Dans le même temps, les États-Unis s’efforcent de trouver d’autres sources d’approvisionnement. En juillet, le ministère de la défense a annoncé un programme d’investissement historique de plusieurs milliards de dollars destiné à stimuler MP Materials, l’entreprise à l’origine du projet phare des États-Unis dans le domaine des terres rares. Mais que se passera-t-il si, malgré des subventions massives et des années d’efforts, les États-Unis ne parviennent toujours pas à s’affranchir de leur dépendance à l’égard des terres rares chinoises ?
Le Japon offre un exemple édifiant. En 2010, à la suite d’une impasse maritime concernant les îles Senkaku, la Chine a brusquement interrompu ses exportations de terres rares vers le Japon. En réaction, le gouvernement japonais a pris une série de mesures stratégiques : investir dans Lynas Rare Earths, un producteur australien ; stimuler la recherche et le développement nationaux en matière de recyclage et de substitution ; forger ses propres partenariats commerciaux avec des fabricants d’aimants chinois ; et constituer des stocks stratégiques pour amortir les chocs d’approvisionnement à venir. Plus d’une décennie plus tard, le Japon importe toujours plus de 70% de ses terres rares de Chine.
La domination de la Chine sur les terres rares ne s’est pas construite du jour au lendemain, et elle ne sera pas facilement érodée. Sa force ne réside pas dans l’accumulation de matières premières, mais dans sa capacité industrielle à les raffiner, à les traiter et à les produire à grande échelle. Aujourd’hui, la Chine contrôle entre 85% et 90% de la capacité mondiale de raffinage des terres rares et produit environ 90% des aimants en terres rares à haute performance du monde. C’est le seul pays dont la chaîne d’approvisionnement en terres rares est entièrement intégrée verticalement, de l’extraction minière à la fabrication d’aimants en passant par la séparation chimique.
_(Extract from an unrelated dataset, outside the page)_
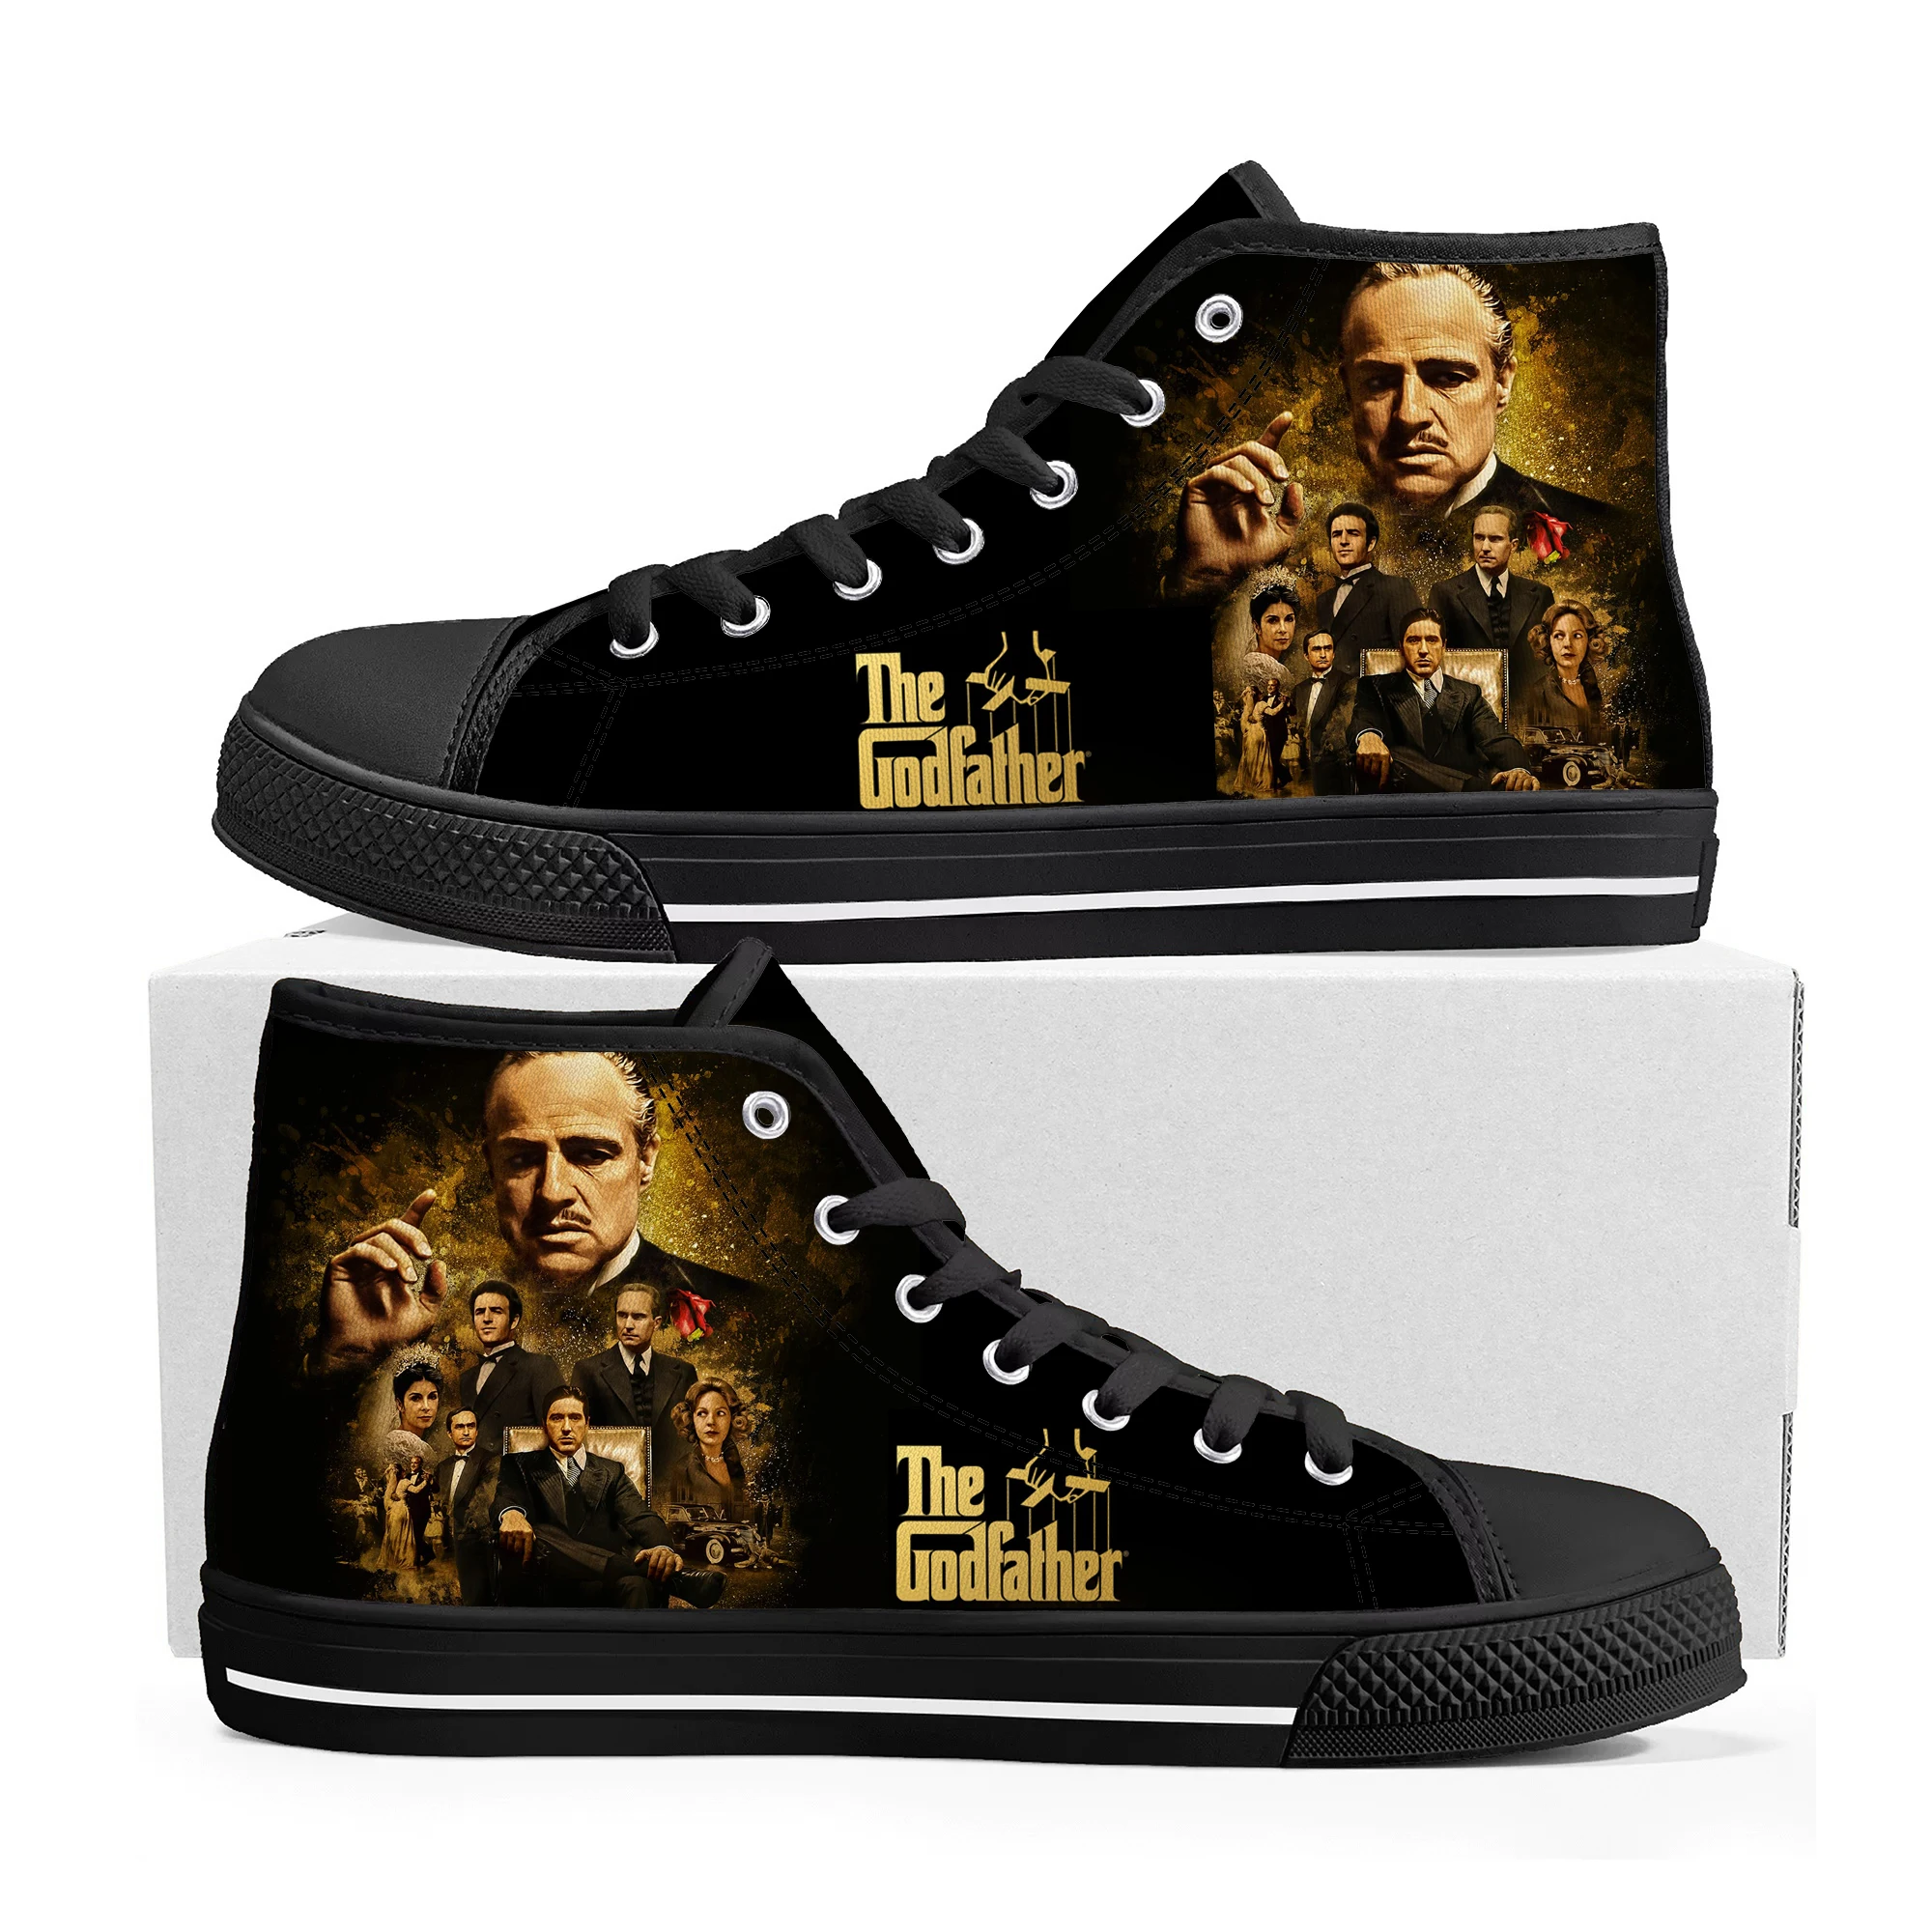 

The Godfather Hot Movie High Top Sneakers Mens Womens Teenager High Quality Canvas Sneaker Casual Couple Shoes Custom Shoe

L’avance de la Chine en matière de fabrication lui a donné non seulement une avance industrielle, mais aussi un fossé technologique. Entre 1950 et 2018, la Chine a déposé plus de 25 000 brevets liés aux terres rares, soit plus du double du nombre de brevets déposés aux États-Unis. Des décennies d’expérience pratique dans la chimie et la métallurgie complexes du traitement des terres rares ont permis d’acquérir une expertise que les entreprises occidentales ne peuvent pas facilement reproduire. En outre, en décembre 2023, le gouvernement chinois a pris des mesures pour consolider son avance, en imposant des interdictions d’exportation radicales sur les technologies d’extraction, de séparation et de production d’aimants à base de terres rares.
La réglementation environnementale laxiste de la Chine a également donné à ses entreprises un puissant avantage sur leurs concurrents occidentaux. En 2002, la mine de terres rares de Mountain Pass, en Californie, a été contrainte d’interrompre ses opérations de raffinage à la suite d’un déversement de déchets toxiques. En revanche, l’environnement réglementaire plus permissif de la Chine a permis à la production de terres rares de se développer rapidement, avec moins de retards et des coûts bien inférieurs.
Il est important de noter que les points d’étranglement des terres rares ne sont pas fixes ; ils évoluent avec la technologie. La Chine l’a compris et a attendu patiemment que la dépendance de l’Occident à l’égard des aimants en terres rares augmente de manière exponentielle avec la transition écologique mondiale, qui a créé une demande massive de VE et d’éoliennes.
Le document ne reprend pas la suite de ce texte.